Andrade, who suffers from congestive heart failure, said he often struggles to get a full breath. On the worst vog days, he retreats to his car.

"You put on the air con," he said, "and it works real good."

It has been 27 years since Kīlauea started erupting and two since a new vent at Halema'uma'u Crater opened, doubling the amount of emissions and changing life for the thousands who live in Pāhala and other rural communities downwind from the volcano.

Even before the new vent opened, Kīlauea — among the world's most active volcanoes— was also the nation's largest producer of sulfur dioxide. Today, the volcano spews out 7,000 times the sulfur dioxide of a major industrial polluter. All that gas, plus other fine particulates in volcanic emissions, routinely make the air in areas of the Big Island some of the worst in the United States, according to federal figures.

In fact, Kīlauea is on average emitting comparable amounts of sulfur dioxide and fine particulate as the Icelandic volcano that recently halted air travel in Europe. The difference is that the Icelandic eruption is more explosive, sending tons more ash into the air — and sending it higher up into the air, where planes fly. Kīlauea doesn't emit nearly as much ash, and most of its emissions stay much nearer to the ground.

The vog in Pāhala and other Big Island communities is often so thick residents can smell sulfur in the air or taste it on their tongues. They try not to think much about what breathing it might be doing to them.

Last year, Hawai'i County had 225 days with "moderate" air quality, 36 days when the air was deemed unhealthy for sensitive groups and 17 days when it was "unhealthy" or "very unhealthy" for everyone, according to new U.S. Environmental Protection Agency statistics.

O'ahu had just one "unhealthy" day this year — New Year's.

Meanwhile, Health Department figures show that there were 194 instances in the past two years when sulfur dioxide and particulate levels in Pāhala and elsewhere on the Big Island failed to meet federal air quality standards.

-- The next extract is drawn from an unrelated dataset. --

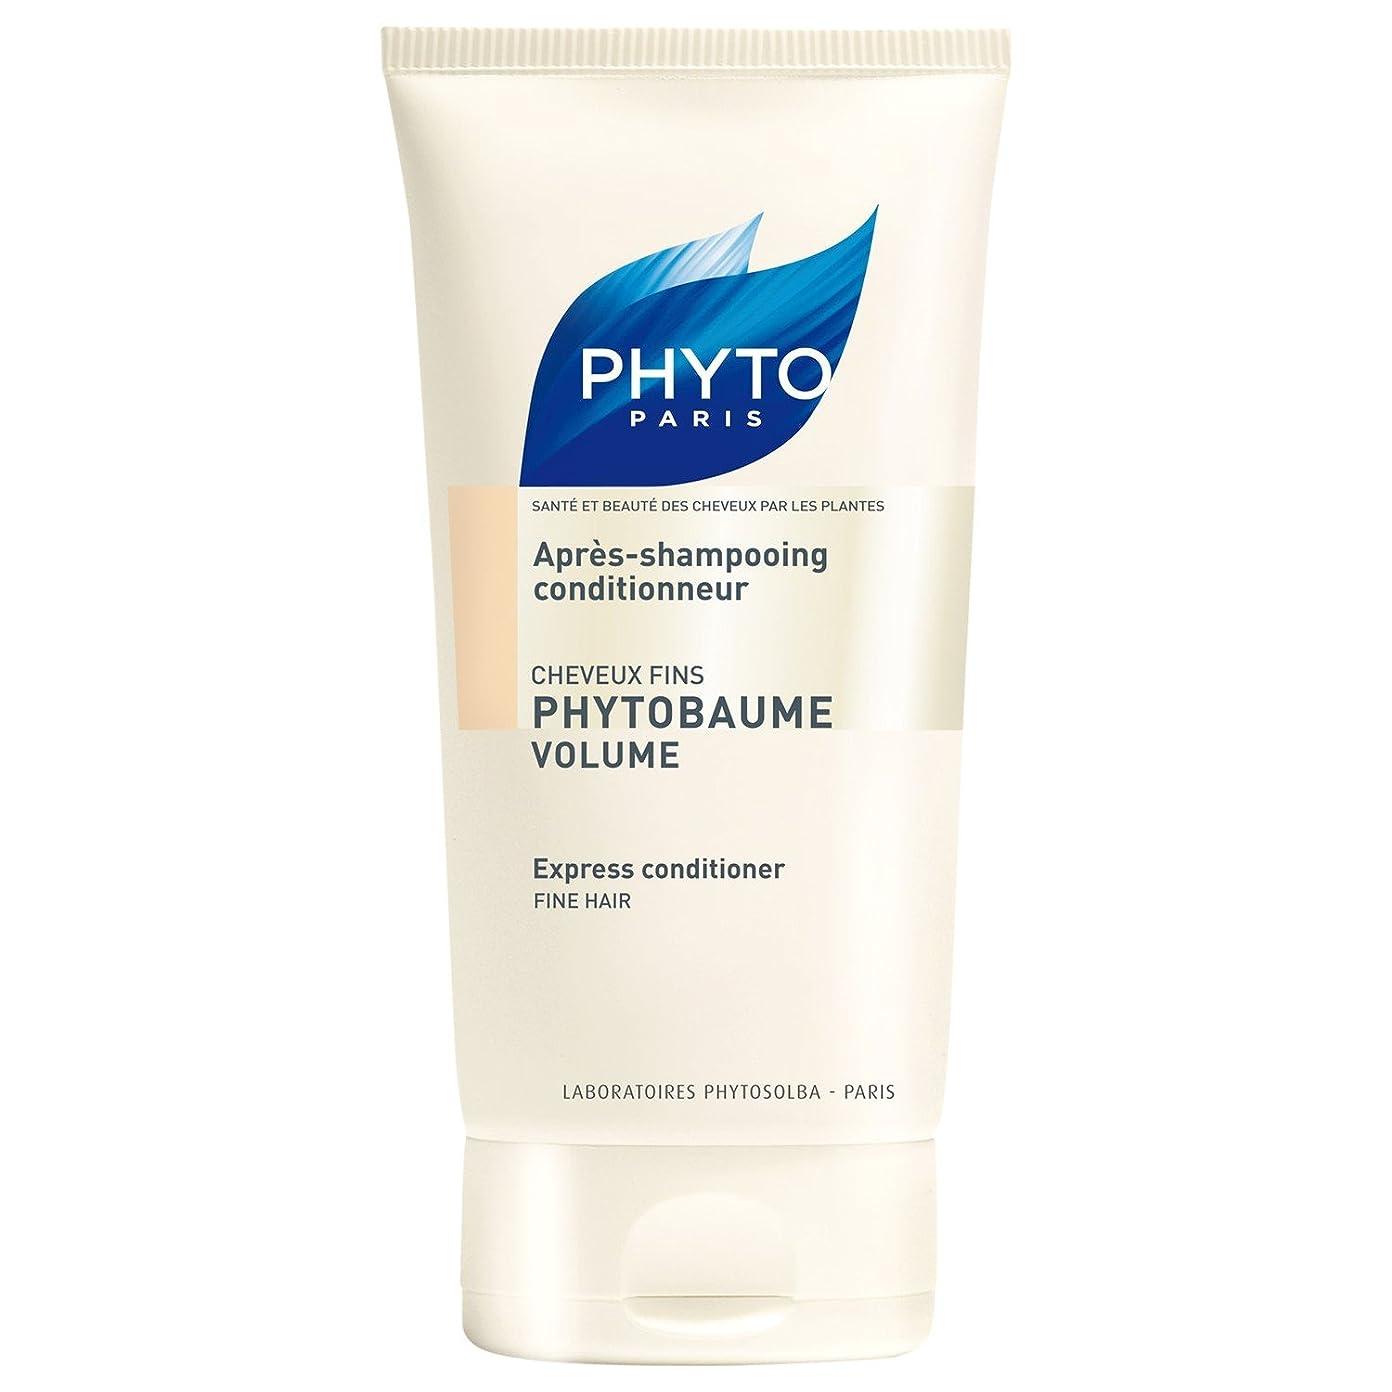 スツールアジア時々時々細い髪の150ミリリットルのためのフィトPhytobaumeボリュームエクスプレスコンディショナー (Phyto) - Phyto Phytobaume Volume Express Conditioner for Fine Hair 150ml [並行輸入品]

In 2008, according to EPA figures, sulfur dioxide concentrations in Pāhala hit a high of 1,000 parts per billion over a three-hour period — double the federal standard for air quality and nearly four times more than the second-highest average found in the United States that year.

NO SAFE HAVENS

Air conditioning is nearly nonexistent in Pāhala, and people have few or no places to go on the voggiest days. Many retreat to their homes, closing windows and turning on fans. Not even Ka'ū Hospital has central air.

"We all live in the open," said Michael Schwabe, 60, who is administrator of the Wood Valley Temple, located above Pāhala.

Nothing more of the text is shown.